As anticipated, President Donald Trump recently used his executive authority to reverse measures implemented as part of the Affordable Care Act that mandate coverage of contraception in most insurance plans, broadening the ability of entities to claim exemption from the requirements based on the religious beliefs of employers providing coverage.
After a long history of public debate about women’s access to contraception, a University of Texas/Texas Tribune Poll conducted just last year found the right to use contraception essentially a settled issue. Now the Trump administration’s high-profile action in the name of religious liberty has introduced conflict into an area where before there had been consensus.
The Trump administration did not give birth to the conflict at the intersection of contraception, religion and health care. Objections by religious groups had already led to modifications during the Obama administration, but the Trump administration’s action does represent a pointed effort to disrupt a clear consensus on the issue. Texas is a good case in point.

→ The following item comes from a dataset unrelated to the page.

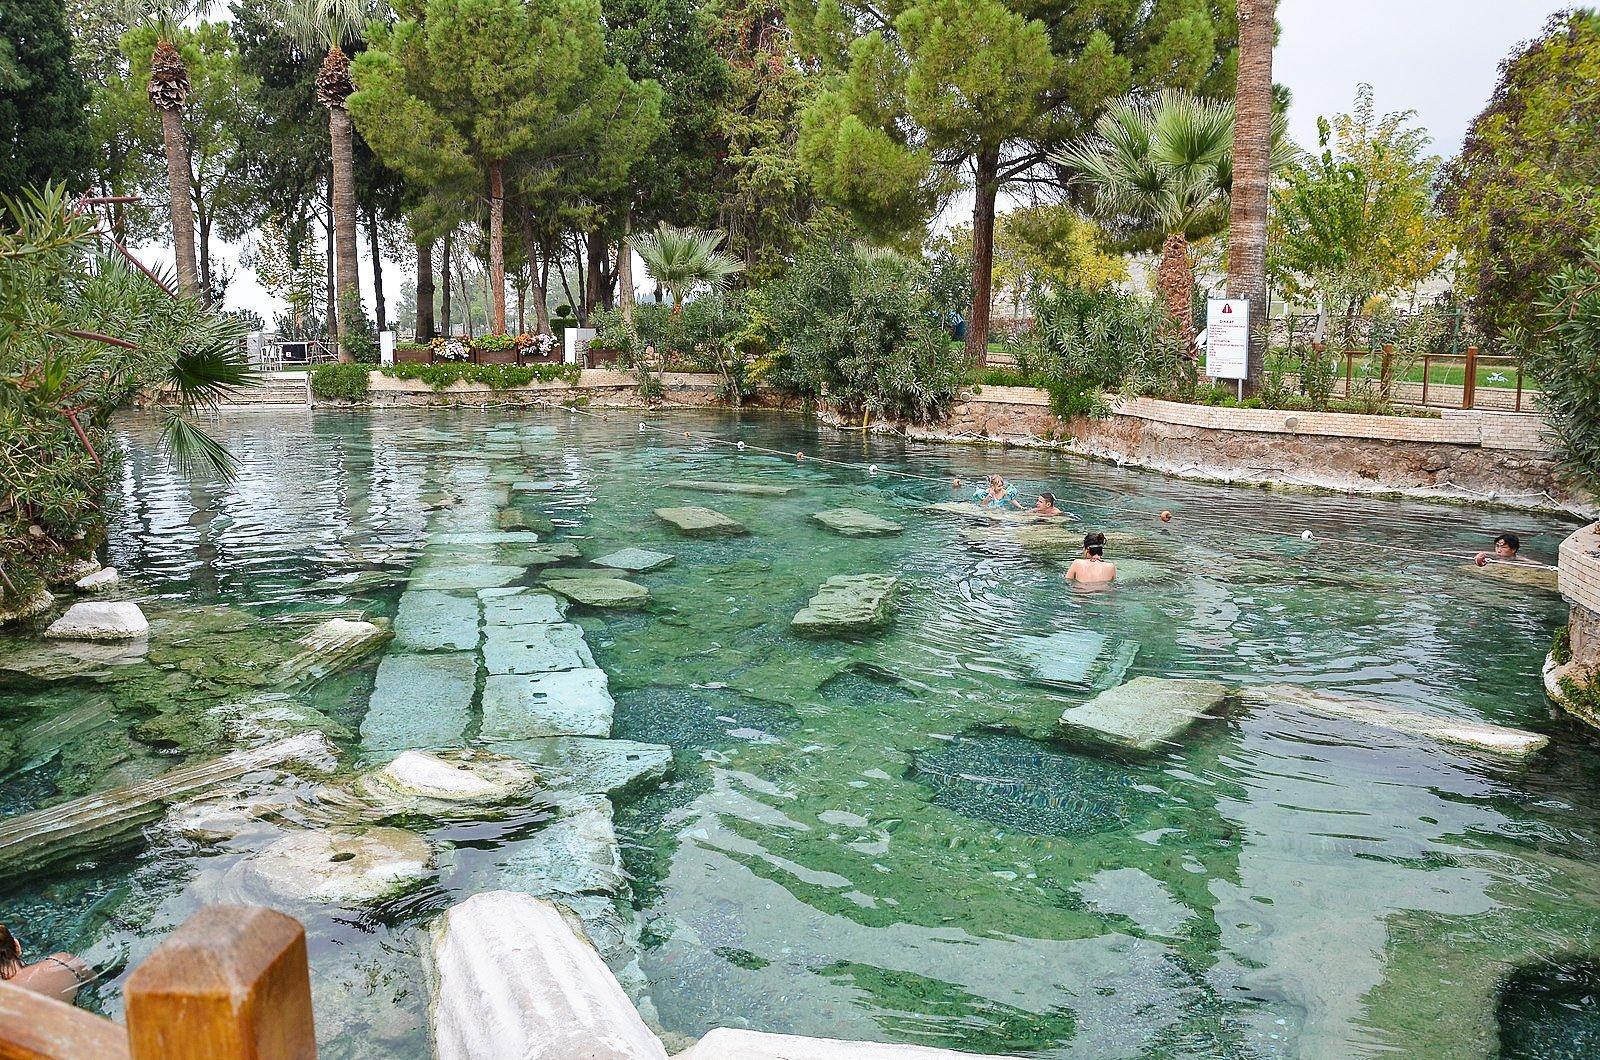 Antique Pool - Cleopatra's pool

The magnitude and breadth of support for the idea that women should have access to contraception remains one of the most one-sided results in the decade of Texas polling we’ve compiled at the Texas Politics Project — and in a state known for containing a wellspring of socially conservative views.
In the November 2015 poll, we asked Texans, “Do you think that women who want to avoid becoming pregnant should have access to birth control?” Eighty-seven percent of Texas voters said yes; only 5 percent said no. Even looked at through the lenses of political parties and ideology, support was nearly universal: 84 percent of Republicans supported access, along with (less surprisingly) 92 percent of Democrats.
This widespread acceptance of a woman’s right to use contraception notwithstanding, expect lots of public support for the Trump administration’s policy rollback from Republicans and conservatives in Texas. Why? Because the change introduces competing priorities among conservatives that qualifies otherwise overwhelming support.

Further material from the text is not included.